**Dataset extract**:
----------

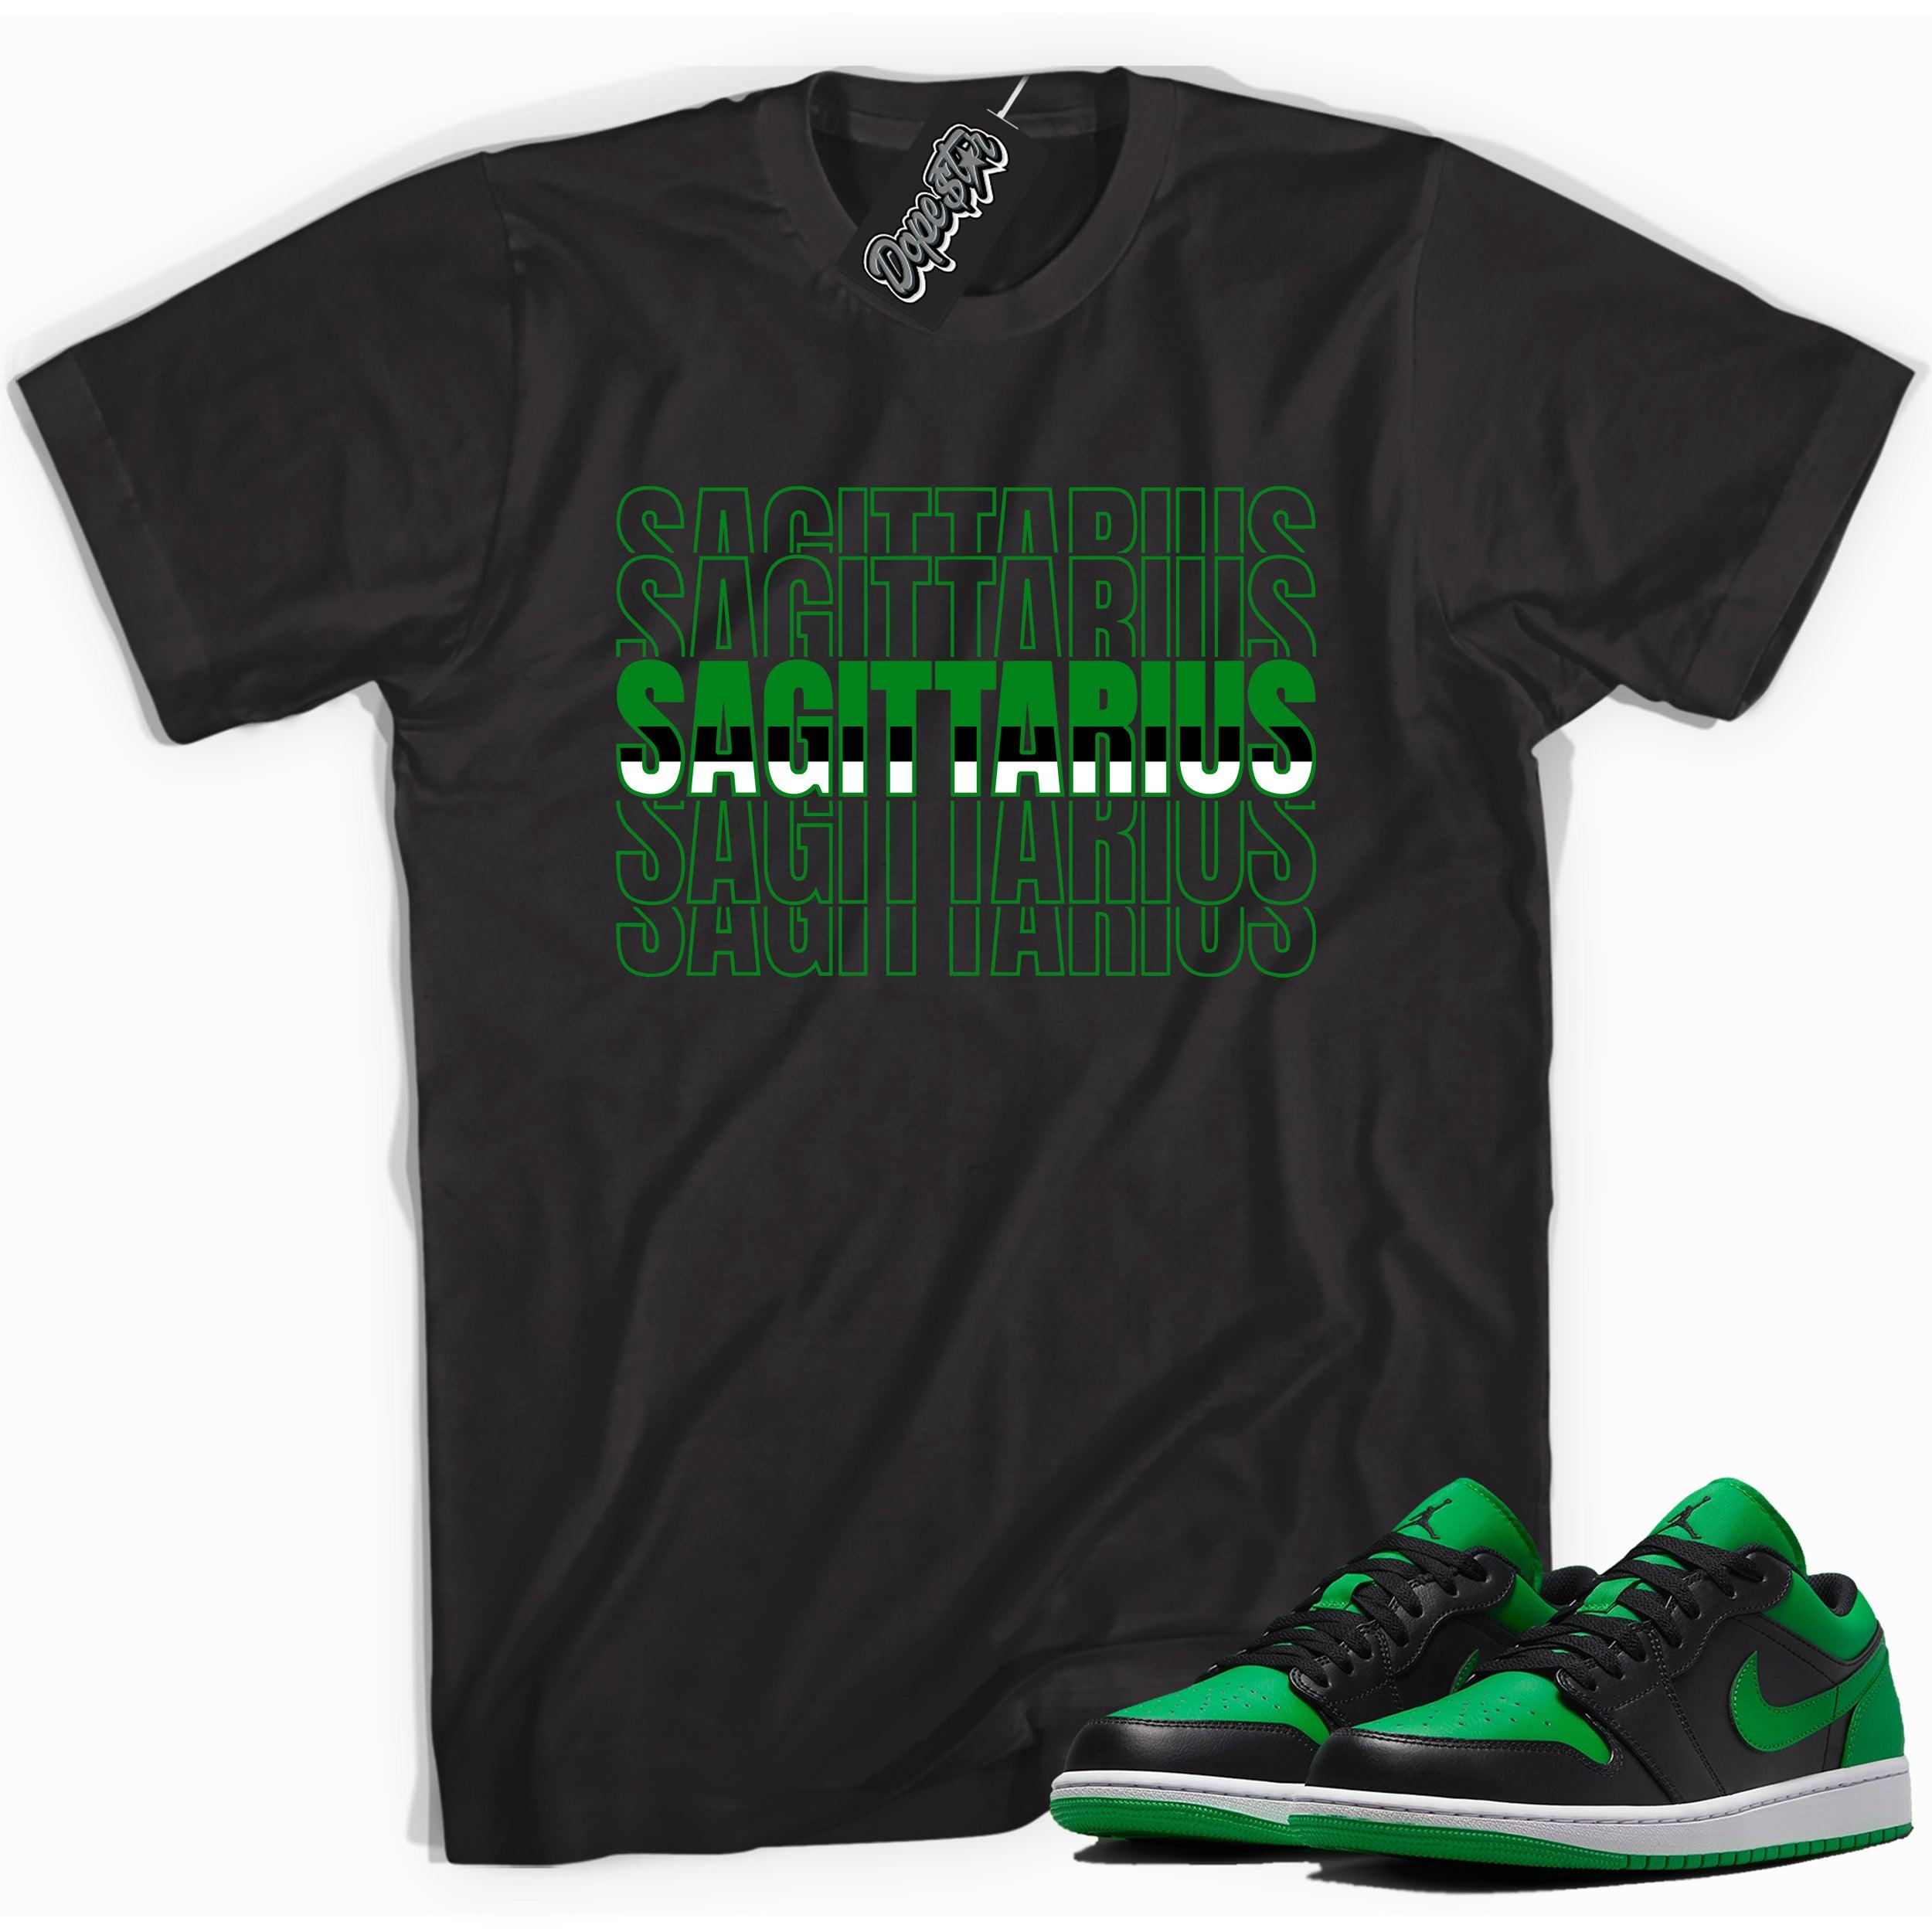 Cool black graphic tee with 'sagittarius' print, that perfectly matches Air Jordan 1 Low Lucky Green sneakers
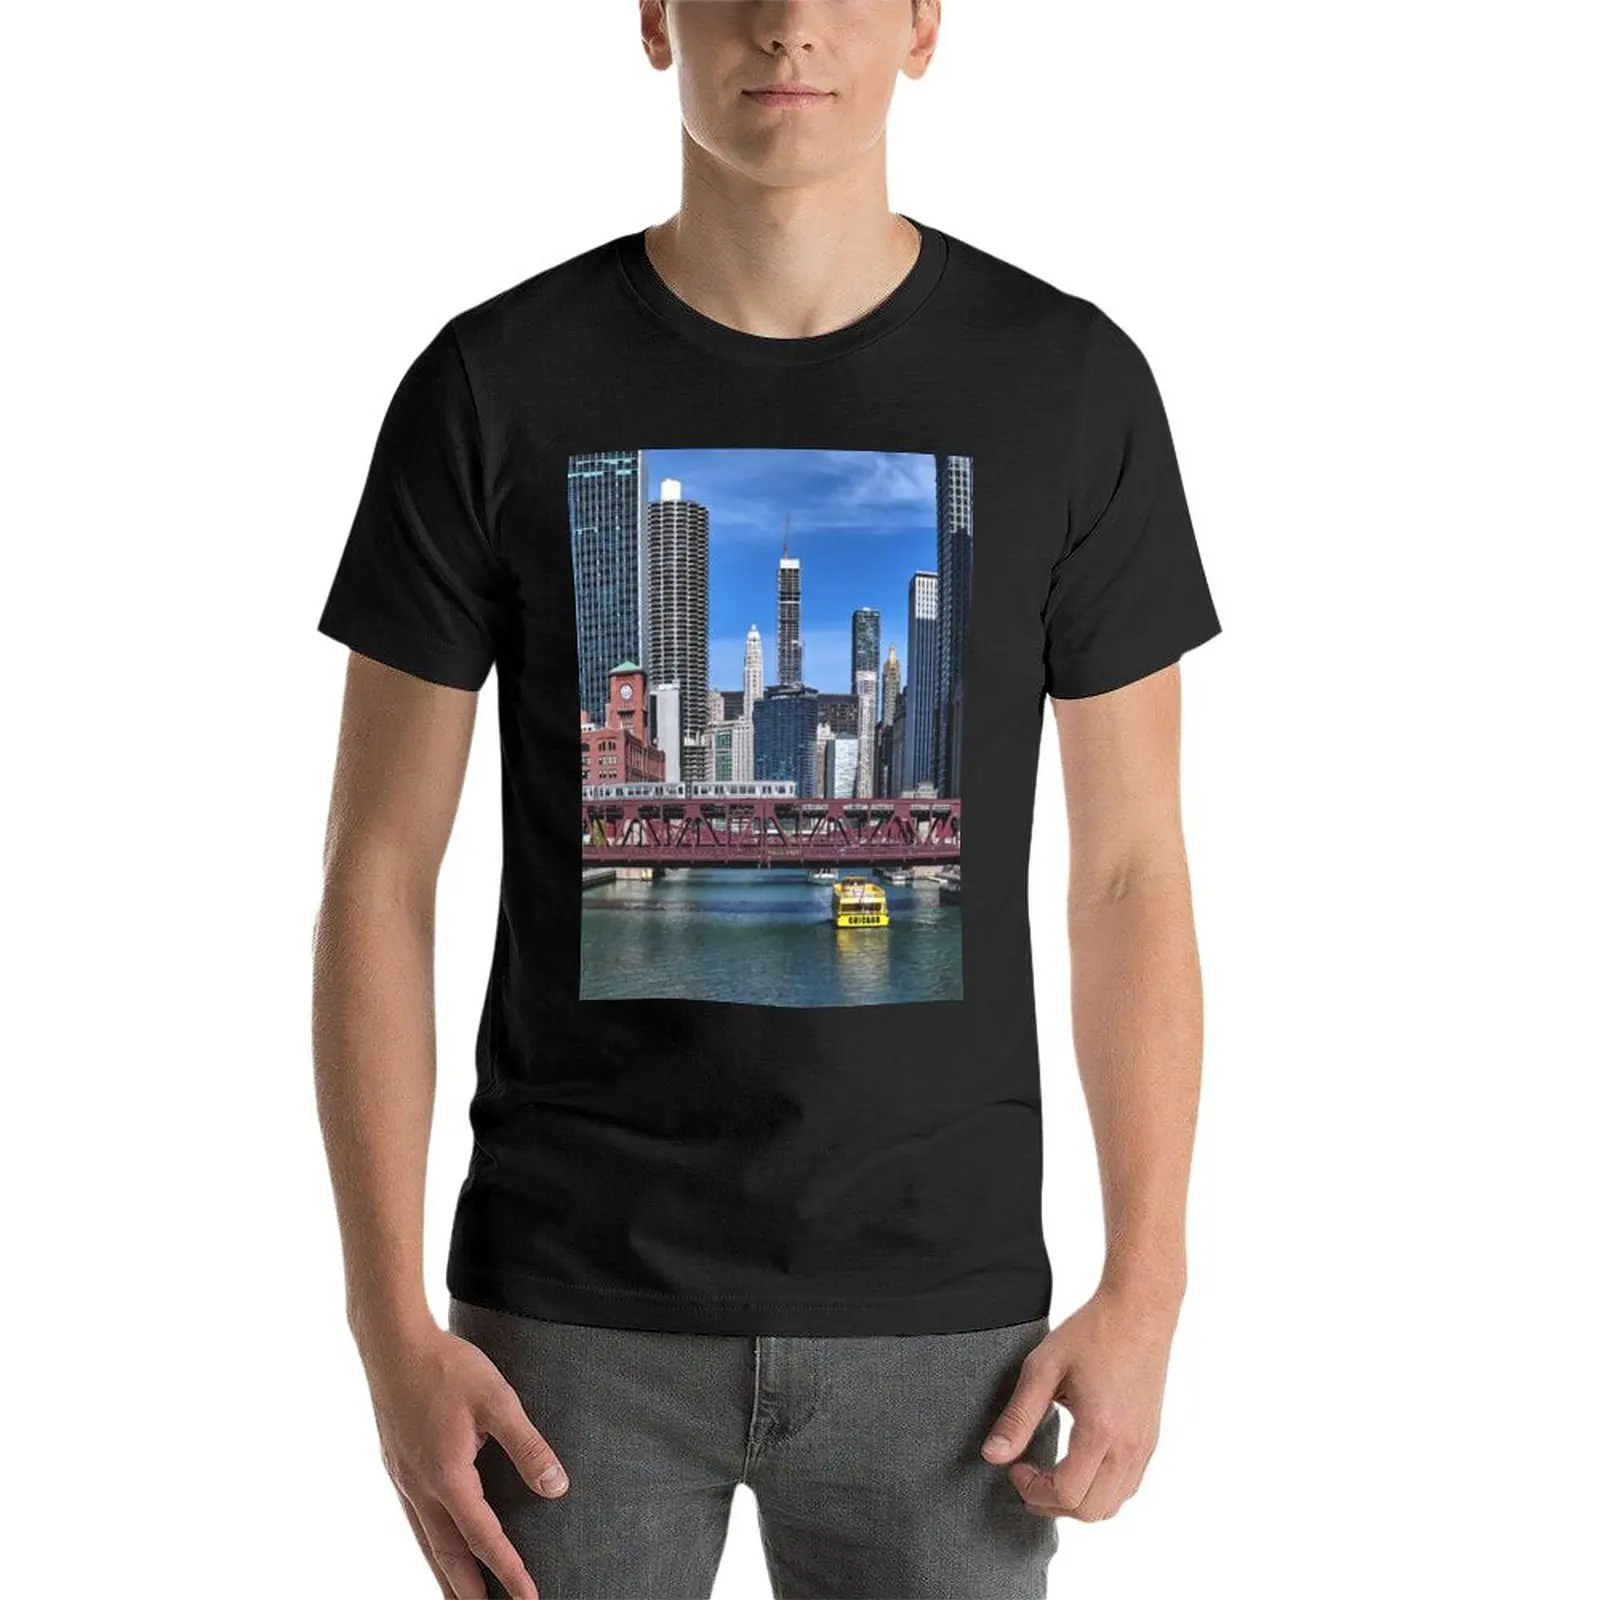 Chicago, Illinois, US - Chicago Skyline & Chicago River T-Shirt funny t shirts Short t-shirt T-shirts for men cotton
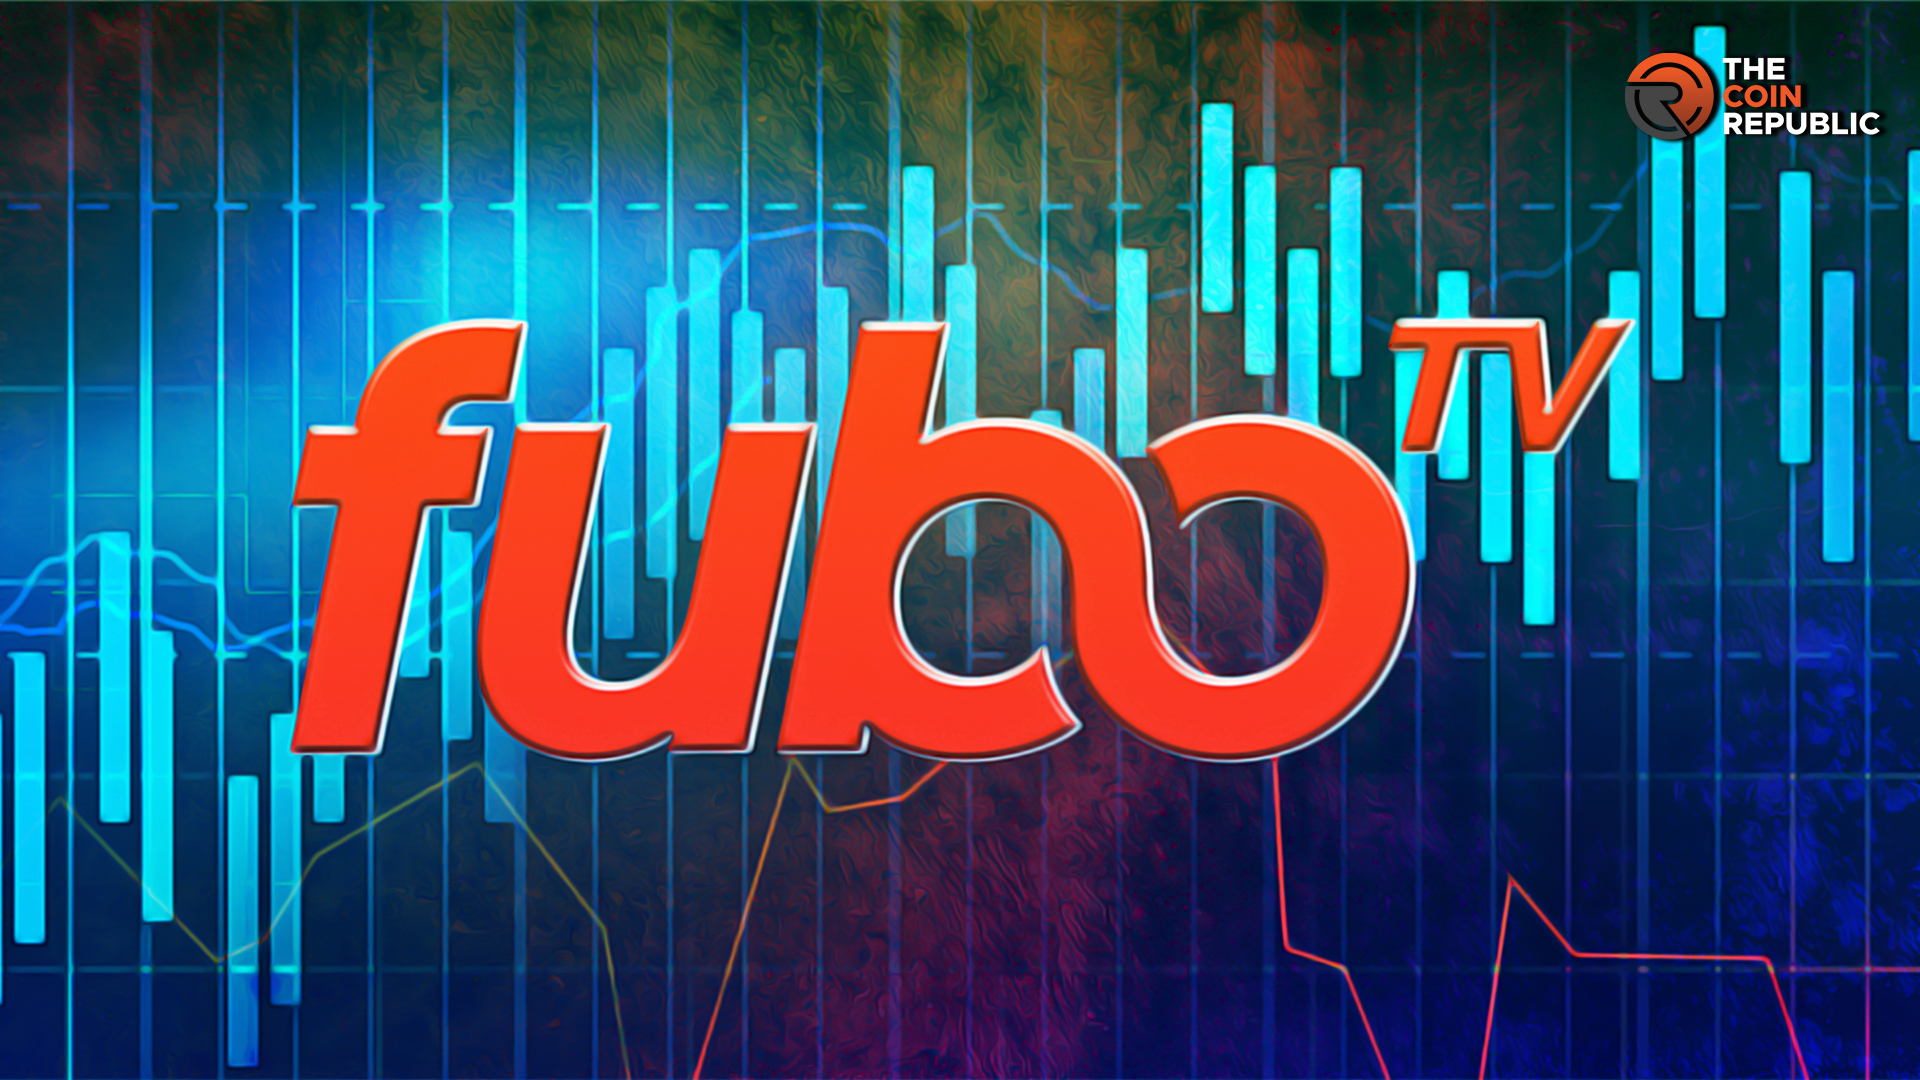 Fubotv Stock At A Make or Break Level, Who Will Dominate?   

----------

**The task**:
Copy the whole listing above word for word but do not carry over the pictures.

**Finished task**:
 Cool black graphic tee with 'sagittarius' print, that perfectly matches Air Jordan 1 Low Lucky Green sneakers
 Chicago, Illinois, US - Chicago Skyline & Chicago River T-Shirt funny t shirts Short t-shirt T-shirts for men cotton
 Fubotv Stock At A Make or Break Level, Who Will Dominate?   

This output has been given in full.